What you have to do:
As the answer, give exactly the lines of the records below from the one with "Dom Party RED" through the one with "Tiiu Järviste elukaaslane kaunitaride kütkeis", ends included and pictures left out.

Excerpted records:
━━━━━━━━

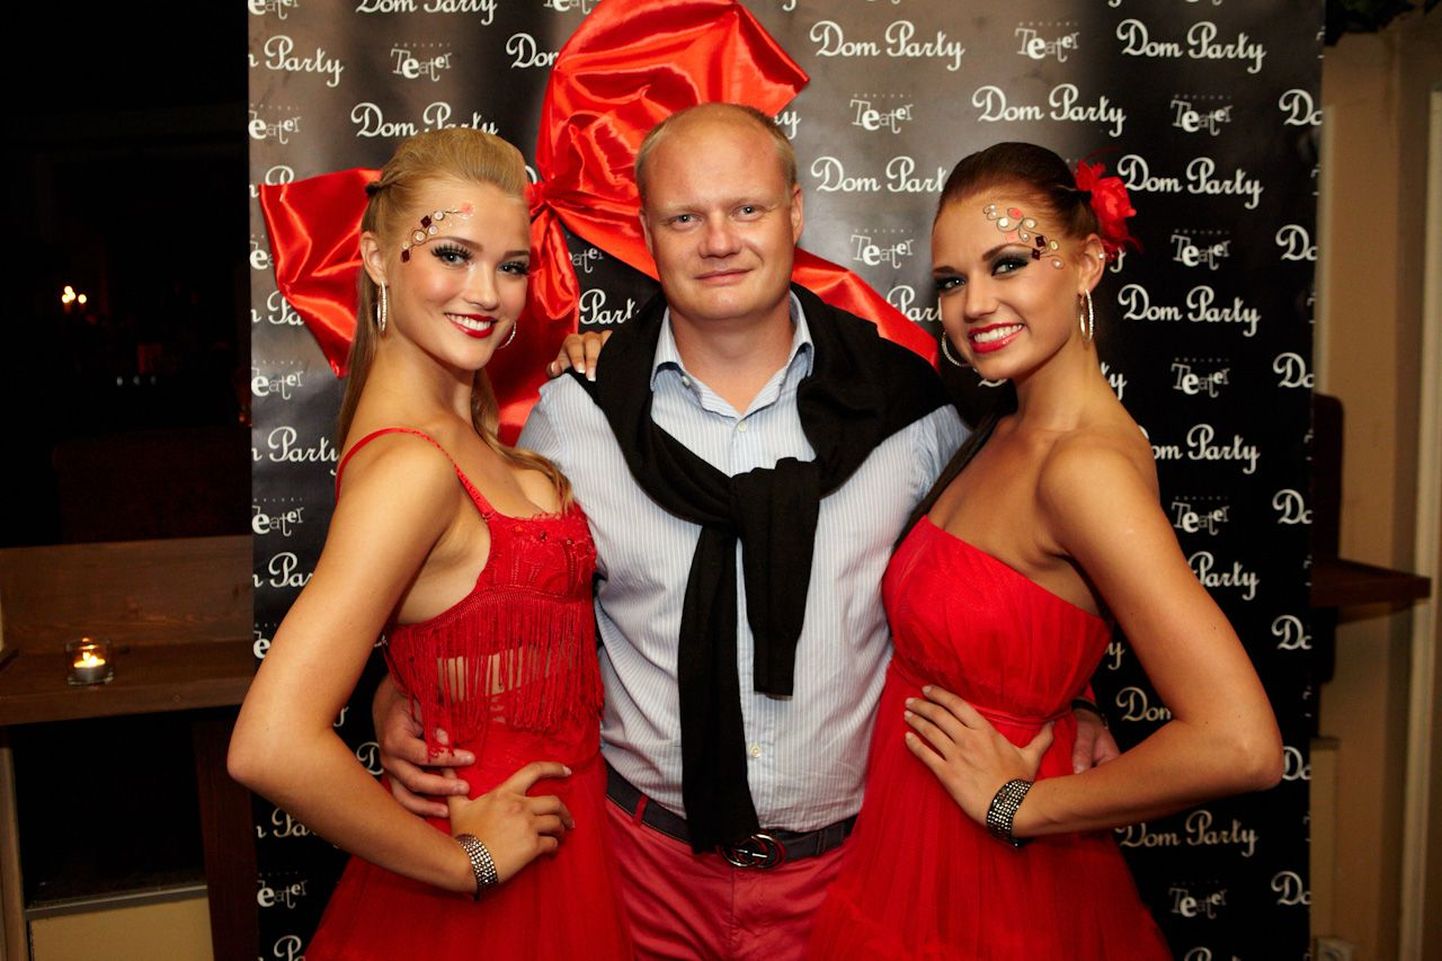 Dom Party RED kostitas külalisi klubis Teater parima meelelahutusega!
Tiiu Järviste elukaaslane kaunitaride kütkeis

━━━━━━━━

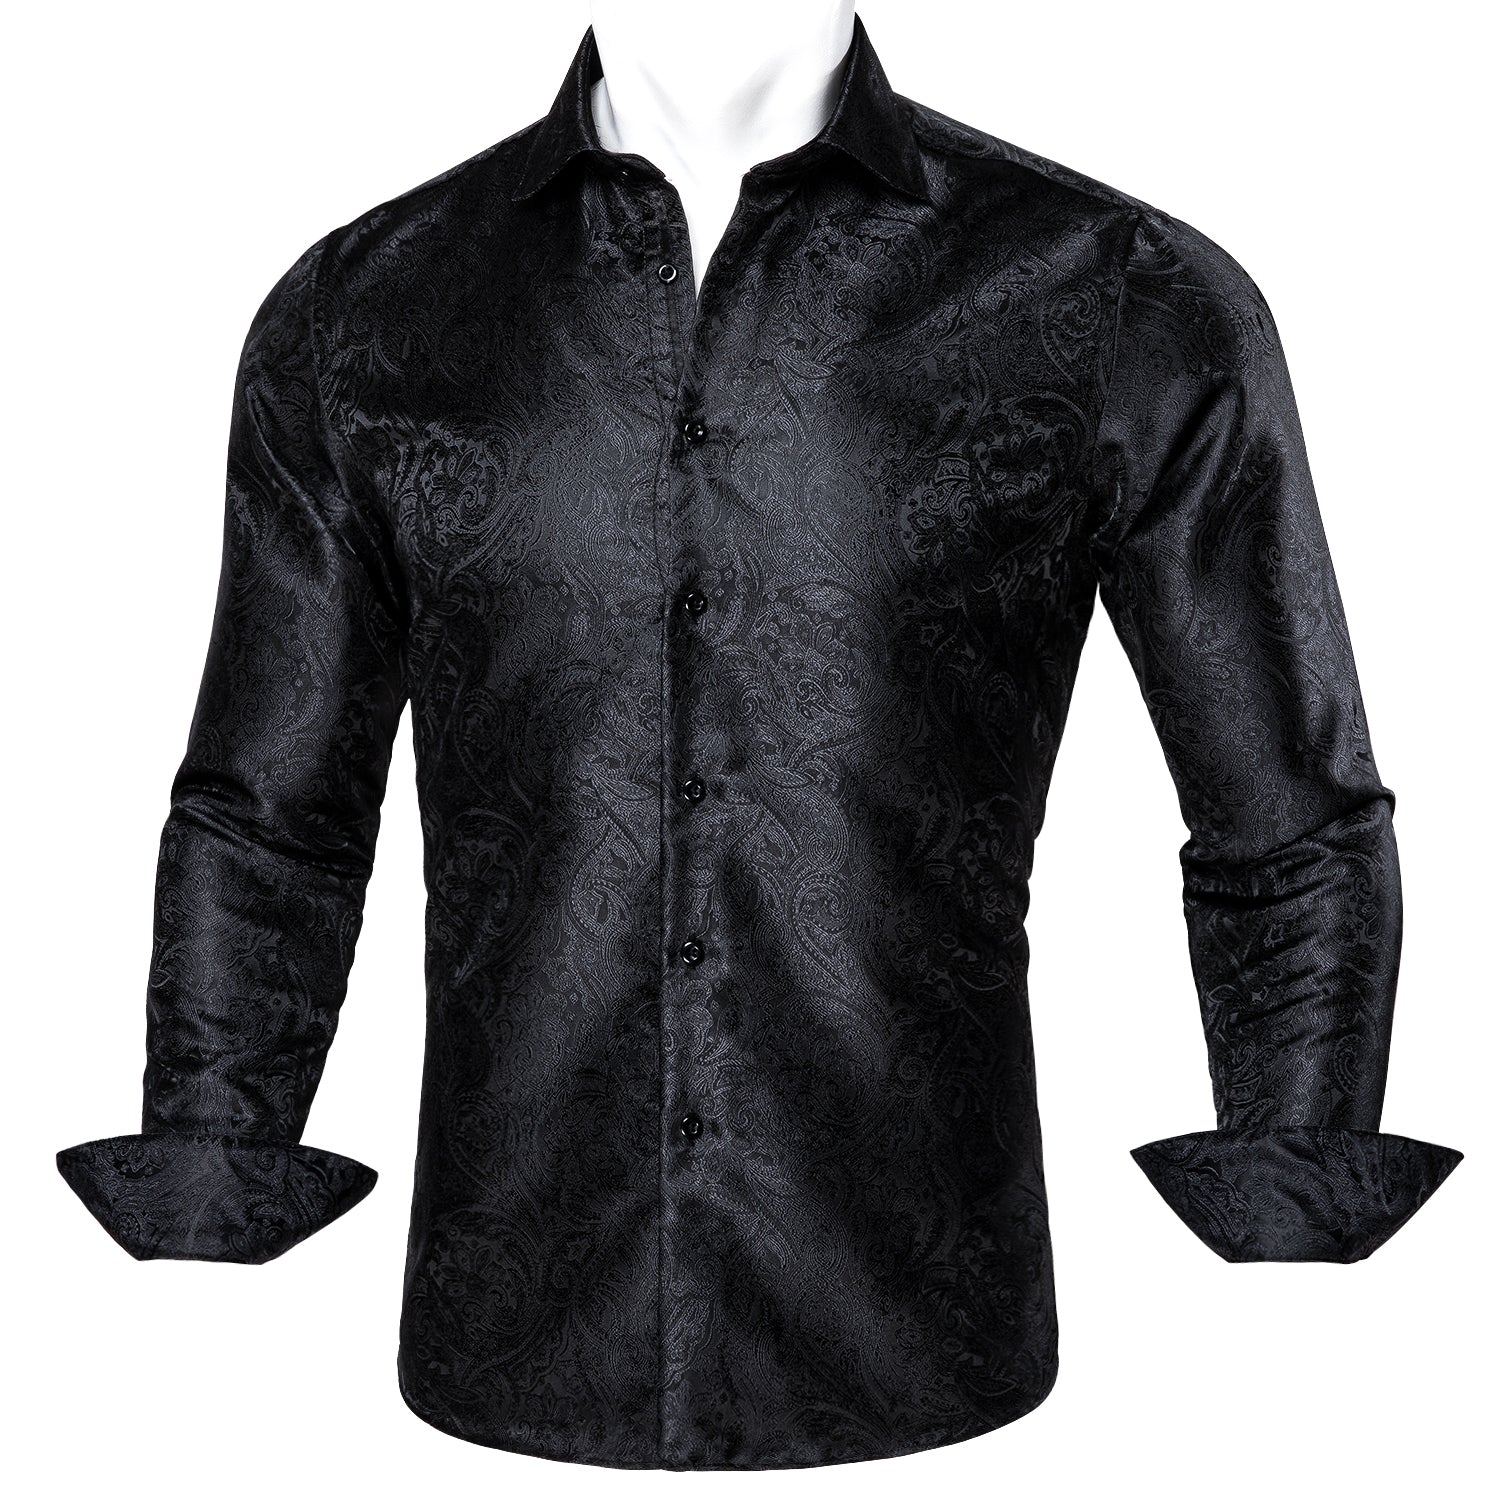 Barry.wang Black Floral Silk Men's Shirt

━━━━━━━━

Answer to this problem:
 Dom Party RED kostitas külalisi klubis Teater parima meelelahutusega!
Tiiu Järviste elukaaslane kaunitaride kütkeis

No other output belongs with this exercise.